CMS released the latest in a series of state health official letters providing guidance on CHIPRA implementation. This seventh letter focuses on the new mandatory dental provisions for separate CHIP programs, as well as the option these states have to provide a stand-alone dental plan to children who are insured or underinsured but would otherwise qualify for CHIP. Both provisions are effective October 1, 2009. These provisions do not impact states that provide CHIP coverage through a Medicaid expansion program.
The addition of dental standards is considered one of the victories in CHIPRA since receiving dental care is without a doubt critical to the healthy development of children. With tooth decay as the most prevalent childhood infectious disease, the omission of mandated dental coverage in CHIP has been a significant oversight.
Although all states provided some level of dental services in CHIP there were often service or dollar limitations. Now states must provide “coverage of dental services necessary to prevent disease and promote oral health, restore oral structures to health and function, and treat emergency conditions.” States have two options for providing this coverage:
- States can translate this requirement into a defined set of benefits that includes medically necessary services within specific categories. This may prove a bit tricky as the burden is on states to demonstrate that their package meets the intent of the statute.
- Alternatively, states can provide benefits equal to one of three benchmark plans: either the dental coverage in the most popular federal or state employee plan, or the state commercial plan with the highest non-Medicaid enrollment. Note that there is no option for proving actuarial equivalence (as there is for CHIP medical benefits).
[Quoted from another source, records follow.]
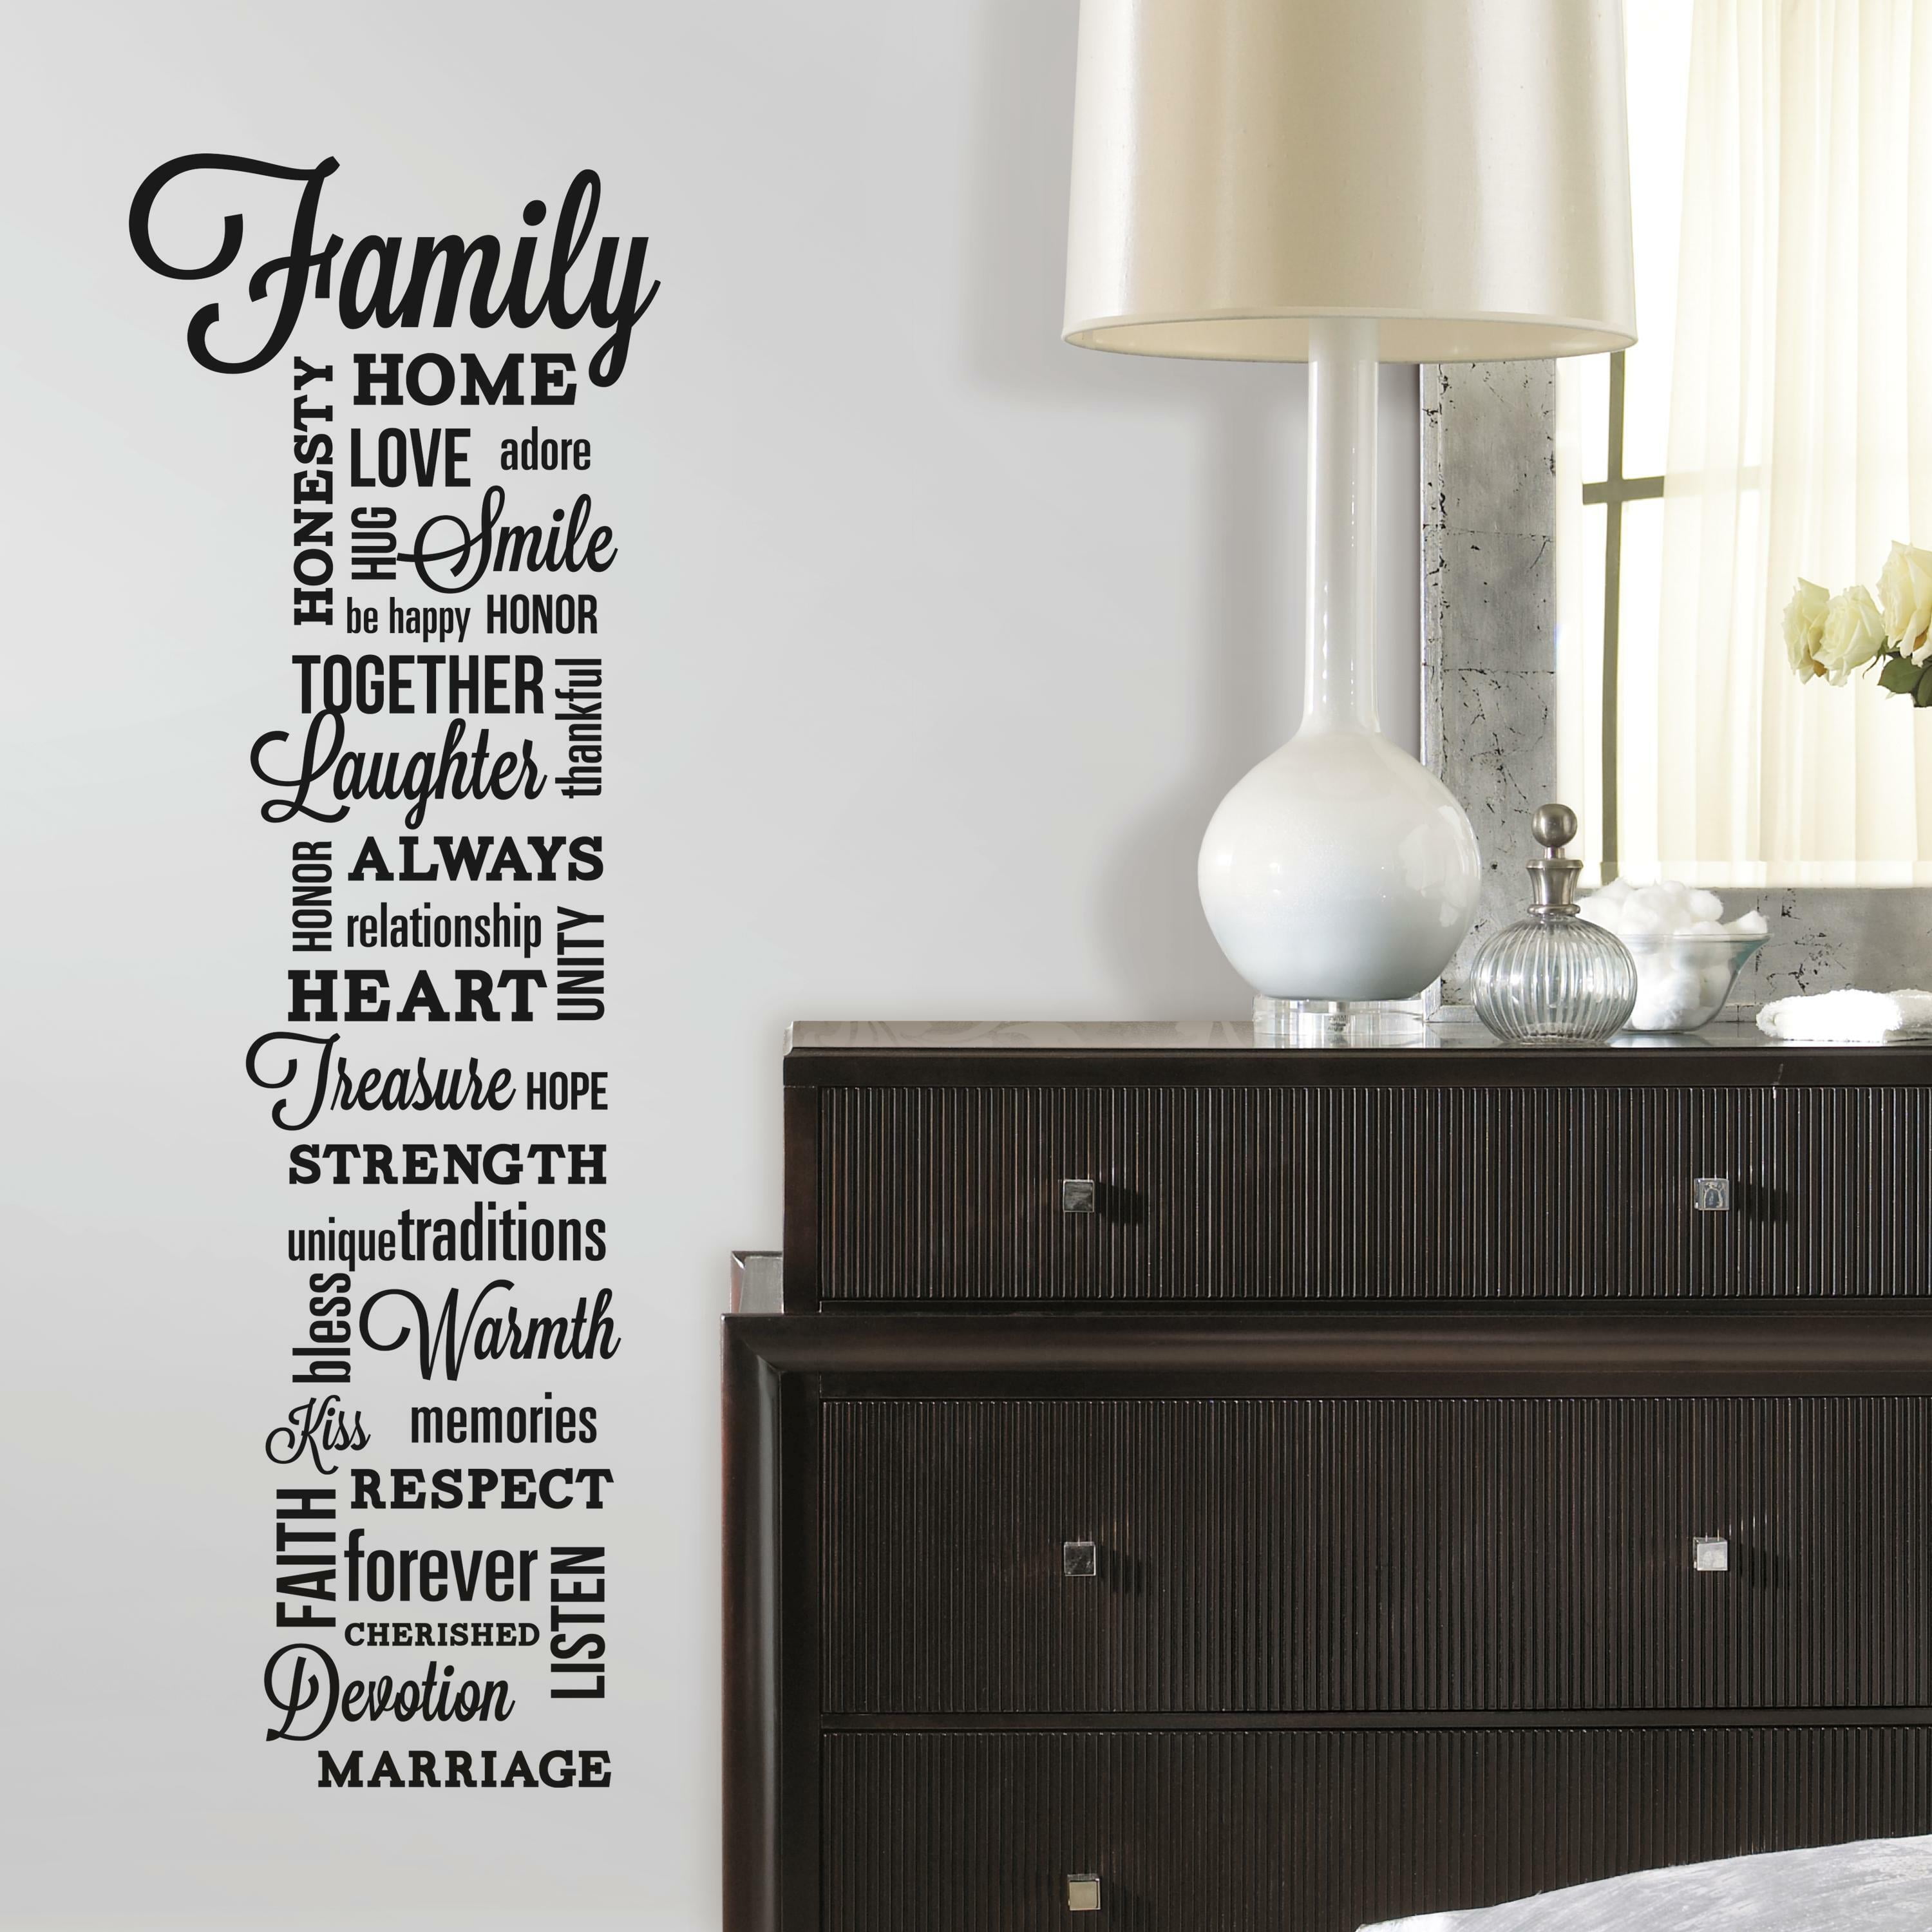 10 x 20 Black Design with Vinyl Moti 1988 1 Family Inspirational Life Quote Living Room Bedroom Peel & Stick Wall Sticker Decal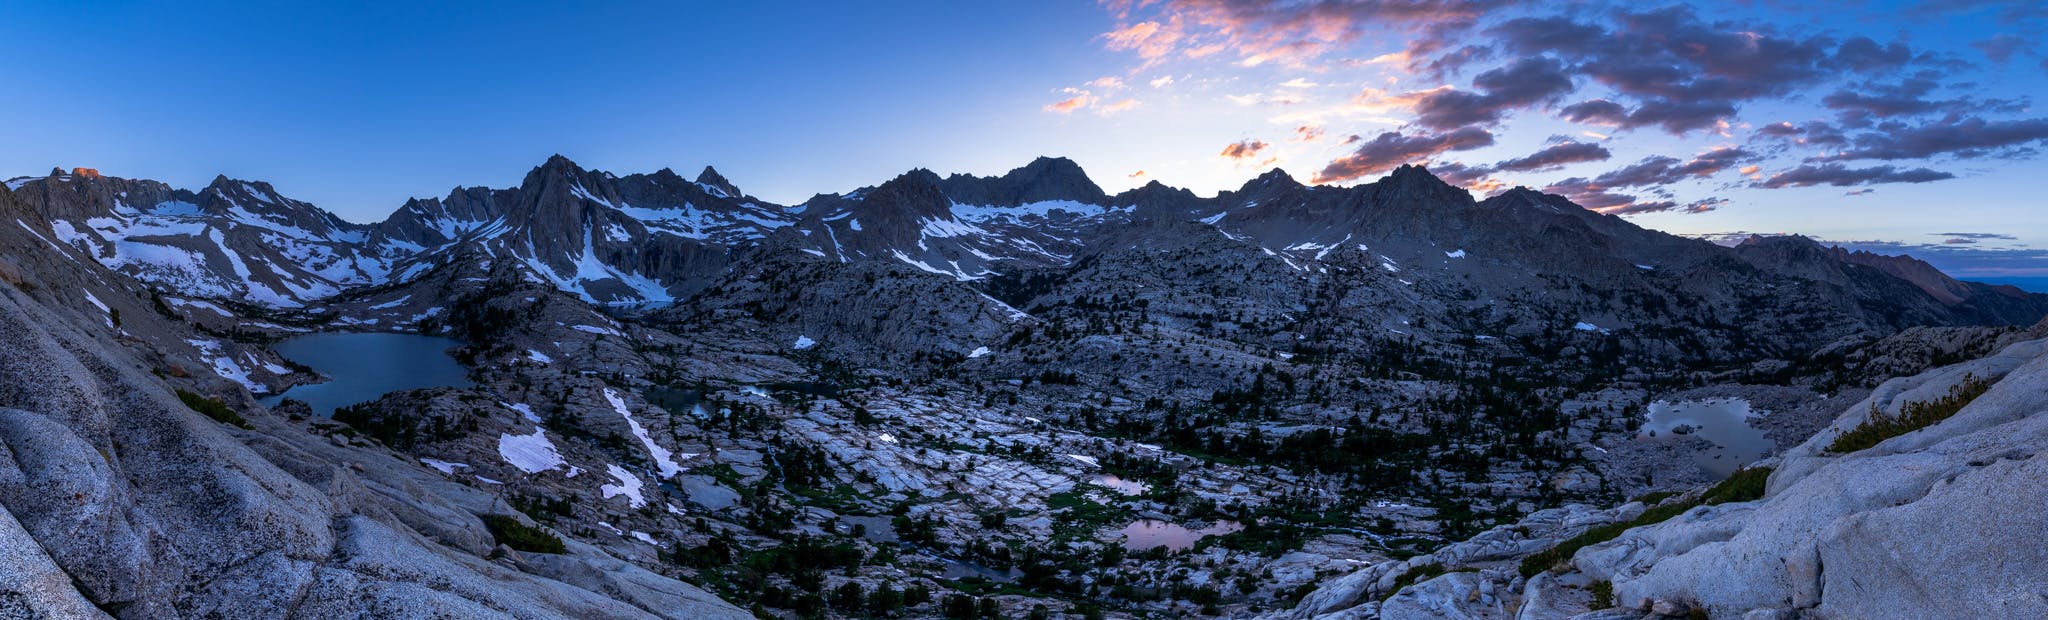 Panoramic shot of a purple sunset over the Sabrina Basin in the Eastern Sierra.  Photo by Brock Dallman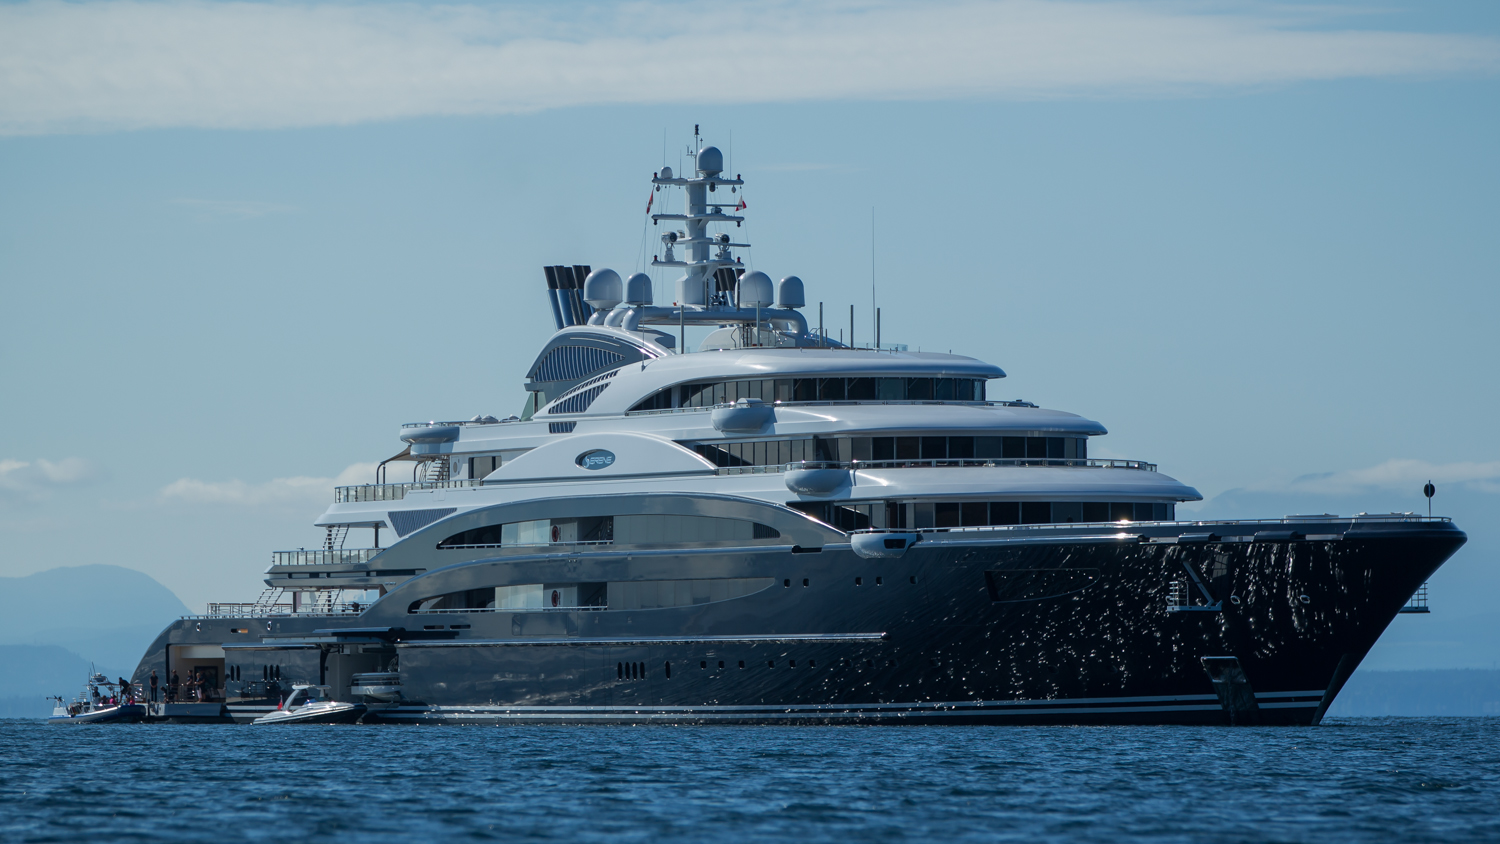 Luxury Super yacht SERENE - Photo by Victor Davare - Vancouver Island Photography

Regardless of the option chosen, the cost-sharing requirements must meet CHIP rules. States cannot impose cost-sharing for preventive and diagnostic services and the cost-sharing for both medical and dental services can be no more than 5% of family income.
States also now have the option to provide a stand-alone dental plan for children who are income-eligible for CHIP but who have private medical coverage that has limited or no dental benefits. States that elect to offer this coverage must offer the same (and not more favorable) dental benefit plan as is provided to CHIP enrollees. For children with some dental coverage, this plan can serve as a “wrap,” filling in gaps as a secondary payer to their private coverage. In order to offer a stand-alone plan, states must not maintain a waiting list or set a numerical limitation on the number of children enrolled in CHIP. In addition, the 5% cost-sharing cap on total medical and dental services also applies, which may represent a challenge since the state may not have access to information about a family’s cost-sharing in their private insurance. As such, this may present a sizeable administrative barrier.
Despite the recent guidance, some questions remain. For example, must cost-sharing above any aggregate or maximum cap on benefits (as are common in commercial plans) be counted toward the 5% maximum cost-sharing? While the provisions are effective October 1, 2009, are states with pre-existing managed care plans required to modify their current contracts to come into compliance immediately or at contract renewal? As is common with federal policy, we continue to peel back the multiple layers of intepretation in search of definitive answers states need to fulfill the promise of CHIPRA.